In his opinion piece ‘Civil right to objectify women’ (July 27) on the proposed reform to obscenity laws, Kevin Aquilina seems to erroneously imply that the primary purpose of the legislation is to lay the foundations for an international porn film industry in Malta for commercial reasons and at the expense of women’s dignity.

Let me start by clearly declaring that the intention behind Bill 113 was not the legalisation of pornography for economical gain or the debasement of the female sex. Rather, it is to do away with an archaic and vague obscenity law regime, which can, and indeed already has, threatened to put artists behind bars or subject them to other forms of criminal punishment.

Bold steps were already taken in 2012, when the government liberated theatre and film from the censor’s grasp in favour of classification, but those reforms did not take into account other artistic mediums and the fact that censorship could still be applied by subjecting theatre and film to criminal law post-publication.

Admittedly, legislation on sexuality and religion was bound to be controversial. Regretfully, however, sensationalist and alarmist tendencies have unjustifiably tried to shift the focus of this reform on to sex shops and porn TV. Of course, these tendencies are baseless. The article titled ‘Sex shops unlikely to proliferate’ (the Times of Malta, July 13) already discredited the notion of any such sex shops flourishing in the digital age and another article published elsewhere quoted the Broadcasting Authority saying that absolutely nothing will change from the present regulatory scenario insofar as TV is concerned once Bill 113 is approved by Parliament.

Why shouldn’t art explore the darker sides of humanity, warts and all?

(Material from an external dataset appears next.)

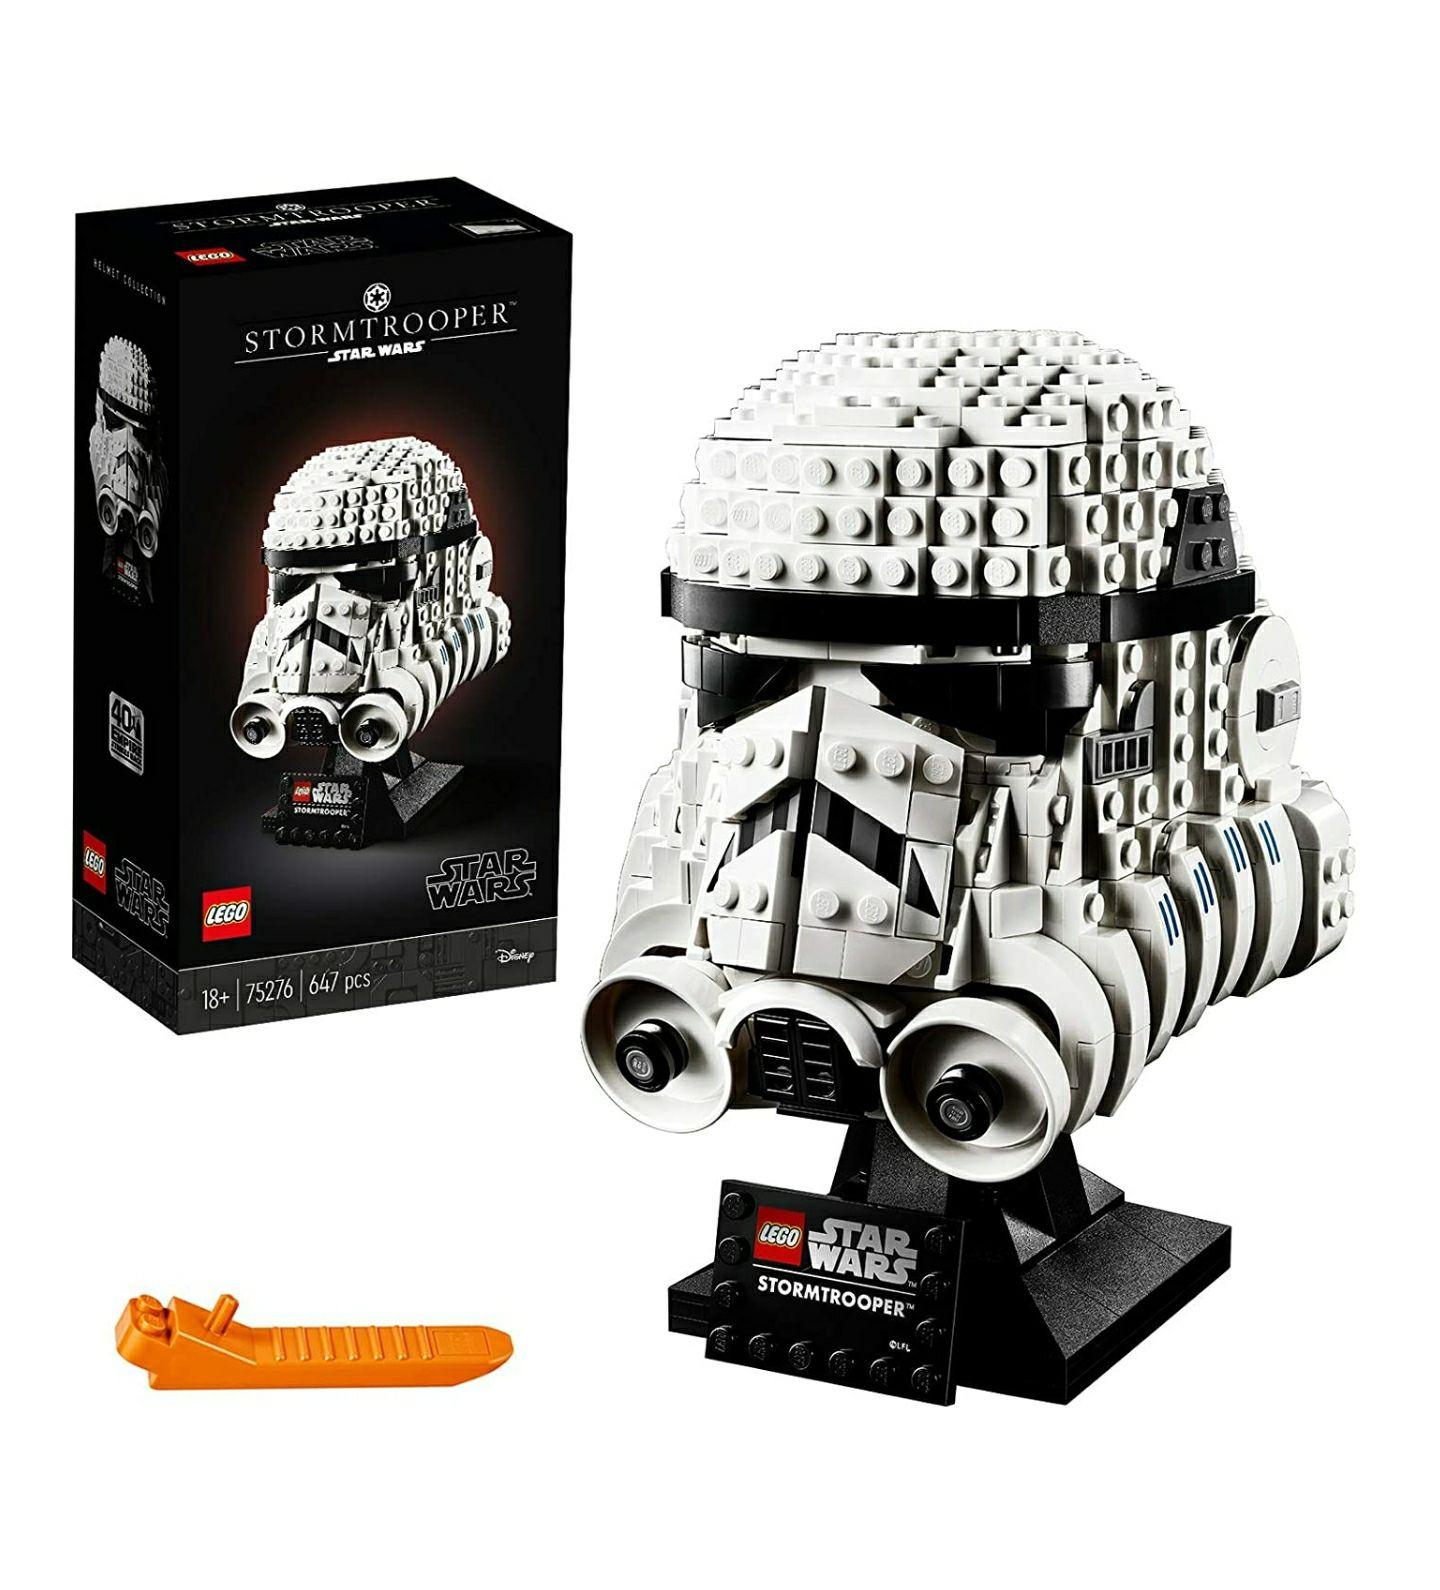 [Amazon] LEGO Star Wars Stormtrooper Helm 39,05€ & 75277 Boba Fett Helm 40,04€

Indeed, it does not make sense and it is unfair to try and drag Bill 113 into a debate on the merits or demerits of pornography.

Instead, I would like to explain why we proposed this reform, its importance and why it has been received so favourably by the artistic community and other sectors of the population.

Firstly, the recognition that moral principles are not static but change with time. If this were not so, then surely women should still be told how they should dress and what their societal role(s) should be. Surely, men exploited women more when they were less free. The law, as a living instrument, must reflect such changes.

Secondly, the basic principle that no person should face criminal punishment over subjective evaluations on what may be deemed “obscene” or what may have a “tendency to corrupt”. Rather, the purpose of criminal law should be, wherever possible, to impose punishment after forensic and objective proof of harm that is beyond all reasonable doubt.

Perhaps not many might know this but the law (the one Bill 113 seeks to change) defines obscenity and pornography as any material, the dominant characteristic of which is an undue emphasis on sex, violence, cruelty and horror. Under this definition, 80 per cent of films and literature such as Playboy or Fifty Shades of Grey should be banned outright and its distributors fined or put behind bars.

Thirdly, the idea that it should no longer be the function of the State to act as the moral custodian of a consenting adult population. Rather, the State should ensure that the public is given prior information or knowledge as to the content of certain material – the choice is then up to the viewer, reader or listener.

Yes, it is about time that we treat adults as adults.

Finally, and perhaps most importantly, the fundamental notion that freedom of expression, despite its limitations, is ultimately the rule and “is applicable not only to ‘information’ or ‘ideas’ that are favourably received or regarded as inoffensive or as a matter of indifference, but also to those that offend, shock or disturb the State or any sector of the population” (Handyside v United Kingdom, European Court of Human Rights, 1976).

All of this seems to have been missed by some conservative quarters in their critique of Bill 113. So, too, has it been conveniently left out that the draft law proposes to specifically criminalise “revenge porn” (a true degradation of a person’s dignity and sexual propriety) which, to date, no European State has done, bar France and the United Kingdom.

Rather than instilling needless fear in this manner, I would have expected a more reasoned debate, such as how we can truly strengthen legislation on sex trafficking, prosecution on all forms of domestic violence (which is not taken seriously enough), non-consensual sexual activity between couples, sexual harassment and abuse, and so on.

Quite frankly, I cannot fathom how we aspire to become a European cultural centre when we still punish art and artists in this manner or by forcing art to be simply dull and aesthetically pleasing. For why shouldn’t art explore the darker sides of humanity, warts and all?

By all means, use this Bill as a platform for discussing all of these important issues but do not rush to such irrational conclusions. Perhaps the 19th century British Cardinal John Henry Newman said it best when he claimed that “it is a contradiction in terms to attempt a sinless literature of a sinful man”.

Andrew Sciberras is a practising lawyer and was involved in the drafting of Bill 113.